After replacing WD disks with Hitachi, a new 12 disks -RaidZ2 pool was configured and processes was relaunched. Unfortunately, we are experiencing more or less the same issue. Enclosure do not remove disks and pool still stands, but zpool status shows Read-Write errors after 30 hours. Copies are still being performed.
This behaviour has been observed, not only in one enclosure but in four. They are exactly the same hardware and firmware and are located in different data centre, so we have discarded a hardware failure (such a malfunctioning cable or electrical component) as we don't think there are 4 faulty components in different enclosures.
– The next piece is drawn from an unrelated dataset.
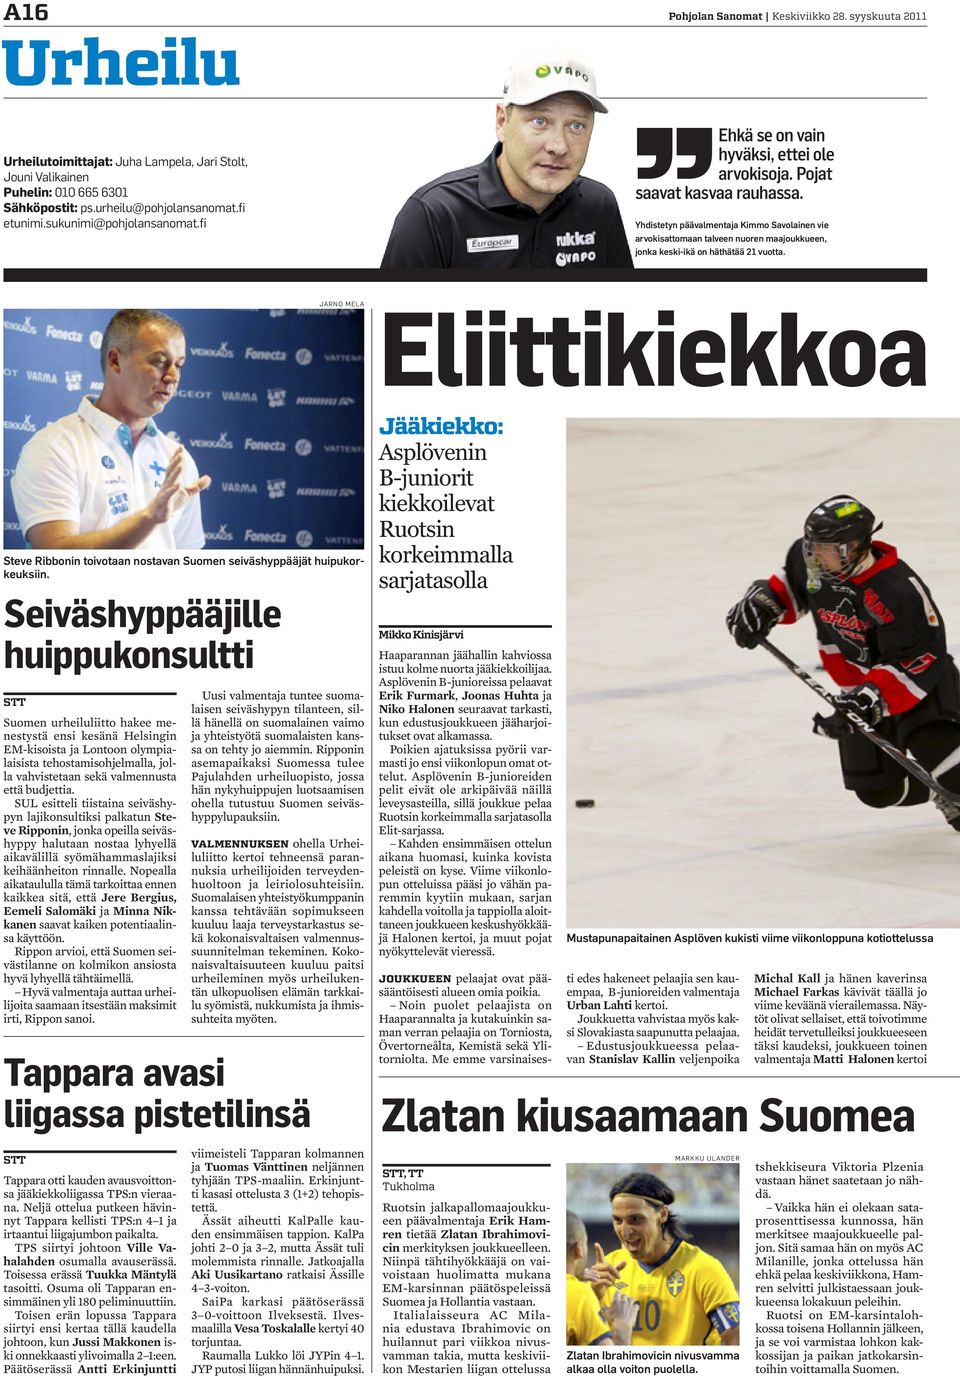 Yhdistetyn päävalmentaja Kimmo Savolainen vie arvokisattomaan talveen nuoren maajoukkueen, jonka keski-ikä on häthätää 21 vuotta.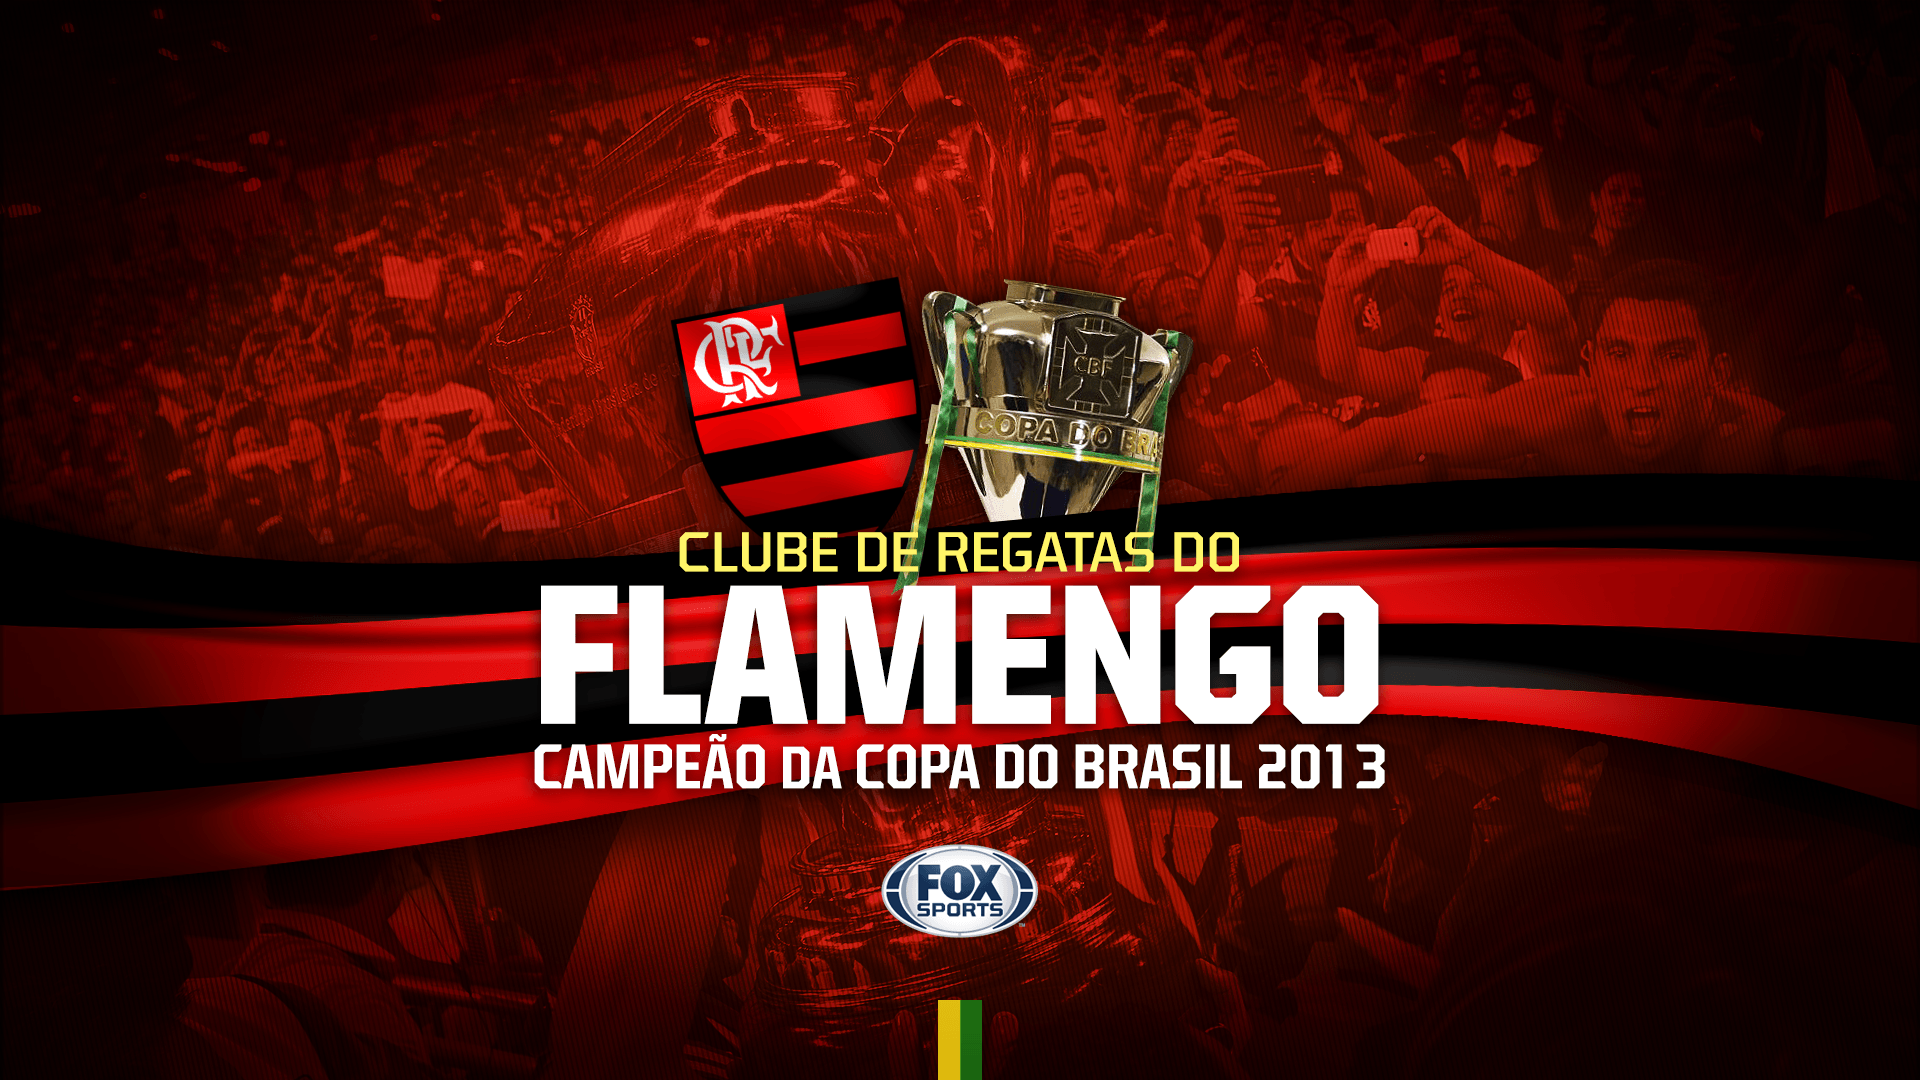 Baixe o wallpaper do Flamengo campeão da Copa do Brasil

Temperature issues have been also discarded as data centre temperature is ok and fans have been forced to work at 100%.
We are attaching some log files with errors in one of the disks (new disks), actual zpool status and dmesg to help understand the issue.
Our initial thought was perhaps the issue could be related with a heavy IO using FC link that may reach hard drives capacity (6GB) that might cause stress the disks until their limit. We could probably expect copy gets slow, enclosure do not respond to other requests, but not disks with fails or directly removed.
We are working with enclosure provider to try to fix the issue but we have open a post here just in case any other has experienced the issue and can provide some extra information which may help us understand this behaviour.
Thank you very much in advance.
We are experiencing a really strange issue that are driving us crazy to solve and we have not never experienced before.
We use a Supermicro enclosure with a LS3008 SAS+SATA controller and Freebsd 11.0. We know this version has reached EOL date and we are working to move-on. Nevertheless, the issue we are experiencing is quite strange and we are not pretty sure if it is directly related with this as it is not an expected behaviour, even with an relative old version.
We created 3 pools with 12 disks (6 TB) in RaidZ2 and we launched a couple of robocopy against one of the pools (/MT:10) We are using OPT1 interface which is a failover between 10GB Ethernet and 10GB FC, but data is being transferred by FC Interface. Each copy should transfer 18TB of data, filling the pool with 36TB. Initially, copy seemed to be working but, after a while, we began to obtain Read-Write errors in zpool status (even CKSUM) Once we began to obtain these errors, copy process continued but after some hours, disk began to be removed from pool and copies failed. Not only one or a couple of disks. Most of them were removed, causing pool degradation and finally data loss.
Reviewing system log, we obtained tons of CAM error messages for each disk (retries exhausted, write operation finished with errors...) Our first thought was that issue pointed to disks used in enclosures (WD60EFAX) as looks like they are not the best choice for ZFS. Strangely, launching a smartctl command against the disks do show that parameters as Reallocated_sector, Pending_sector, Uncorrectable (5,197,198...) looks like disks were not really damaged (all values were 0) But it is a fact that disks do not work properly because if we try to start the enclosure with a live-cd, we see the same CAM errors.
After replacing WD disks with Hitachi, a new 12 disks -RaidZ2 pool was configured and processes was relaunched. Unfortunately, we are experiencing more or less the same issue. Enclosure do not remove disks and pool still stands, but zpool status shows Read-Write errors after 30 hours. Copies are still being performed.
This behaviour has been observed, not only in one enclosure but in four. They are exactly the same hardware and firmware and are located in different data centre, so we have discarded a hardware failure (such a malfunctioning cable or electrical component) as we don't think there are 4 faulty components in different enclosures. Temperature issues have been also discarded as data centre temperature is ok and fans have been forced to work at 100%.
We are attaching some log files with errors in one of the disks (new disks), actual zpool status and dmesg to help understand the issue.
Our initial thought was perhaps the issue could be related with a heavy IO using FC link that may reach hard drives capacity (6GB) that might cause stress the disks until their limit. We could probably expect copy gets slow, enclosure do not respond to other requests, but not disks with fails or directly removed.
We are working with enclosure provider to try to fix the issue but we have open a post here just in case any other has experienced the issue and can provide some extra information which may help us understand this behaviour.
Thank you very much in advance.